Pero lo peor fueron las cuatro semanas de
reclusión: ¡Cómo sufría viendo a mis amigos jugar en el patio!. Era curioso
observar cómo aquella pléyade de niños, de distinta edad pero igual desbordante
energía, se entrecruzaban atendiendo a sus actividades (la pelota, las canícas,
el churro- media manga- manga entera) sin, aparentemente, estorbarse, como un
ejército de hormigas perfectamente adiestrado que cruza sus trayectorias siguiendo
un plan previsto, como un mecanismo de relojería.
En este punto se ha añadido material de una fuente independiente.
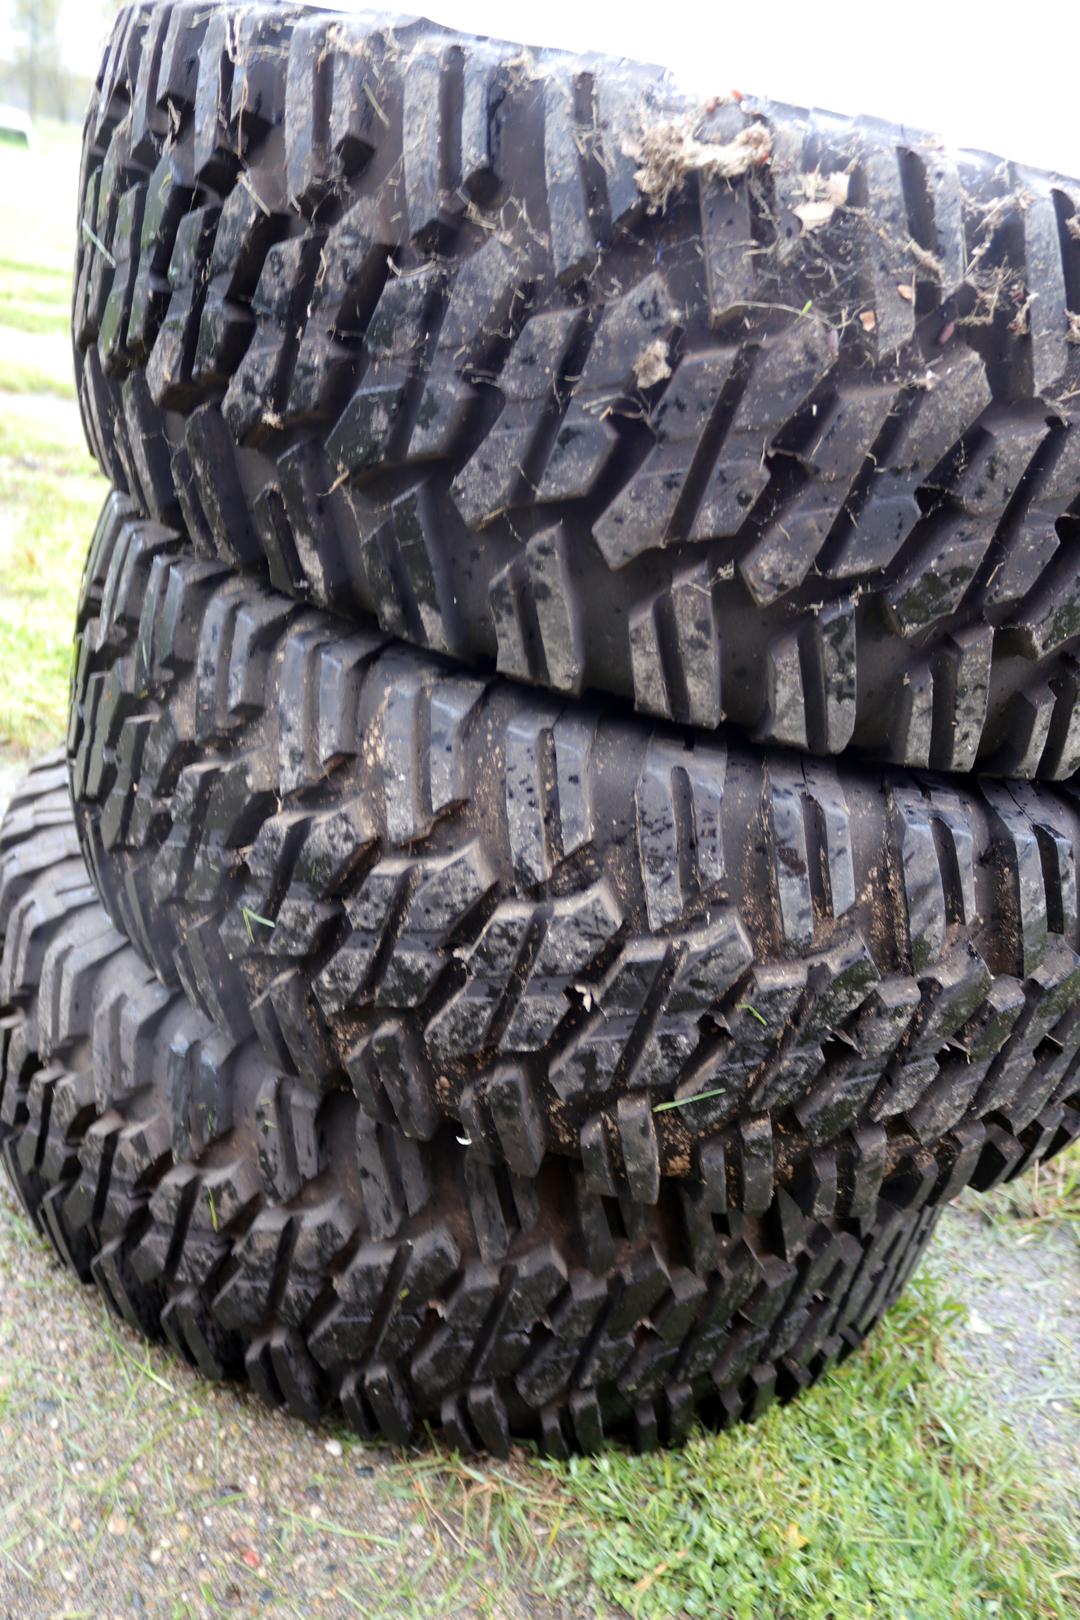 (3) GOOD YEAR 35X12.5 R15 LP TIRES, LIKE NEW

Lleno de hastío miraba por la ventana,
tintando de vaho el cristal con mi aliento triste y dibujando sobre él los
contornos de la melancolía. Maldiciendo mi suerte y mi conciencia, pues allí
estaba Carlitos, libre y despreocupado, chutando a la pelota, cuando él había
sido el causante del destrozo. Entonces entró Don Manuel en la clase, y al
verme así, se sentó a mi lado y me habló haciéndome compañía. En medio de la
conversación me preguntó:
- ¿Qué querrás ser de mayor?.
Yo que nunca me había planteado tal cosa, pues no pensé que fuera algo
que se pudiera elegir, me quedé extrañado por la pregunta (¿Cómo si no podían
haber escogido los hombres del pueblo ganarse la vida doblando el torso
eternamente y batiéndose con la tierra con la innoble defensa de un azadón?).
- Guerrillero, quiero ser guerrillero.
Fue lo único que se me ocurrió decir para no decepcionarle, mi principal
diversión era jugar a la guerra con mis amigos, junto a las ruinas del
castillo, entre sus desvencijados lienzos y murallas mutiladas.
Él
sonrió paternalmente por mi manifiesta inocencia pero luego sus ojos se
ensombrecieron y dijo, (con una voz cansada pero profunda, como la de los
profetas):
-
"La guerrilla es la guerra más
justa: la guerra por la supervivencia. Pero has de saber que no sólo hay que
derrotar al enemigo, sino que también hay que escarmentar a los traidores y
alentar el sacrificio. La guerrilla es la guerra del hombre contra la
injusticia, las reglas militares quedan extravasadas y se busca la consecución
de la paz por todos los medios, incluso por aquellos que rozan la
inhumanidad." Cuando pronunció estas palabras no me hablaba a mí, no
al menos al niño, sino quizá al hombre que sería algún día. Hablaba para sí
mismo, hablaba al mundo entero. En su mente estaban los sangrientos
acontecimientos que habían hecho, en numerosas ocasiones, del hermano un
enemigo y del amigo un extraño. Una guerra incivil que había sembrado España
con los mejores corazones, para conseguir, al fin, una estéril cosecha de
cruces.
Se
quedó en silencio unos instantes, como hipnotizado por sus propios
pensamientos. Luego salió sin decir nada para volver en breve con un libro en
sus manos.
- "Toma, para que te entretengas mientras
dura el castigo". Se trataba de "Juan Martín. El Empecinado"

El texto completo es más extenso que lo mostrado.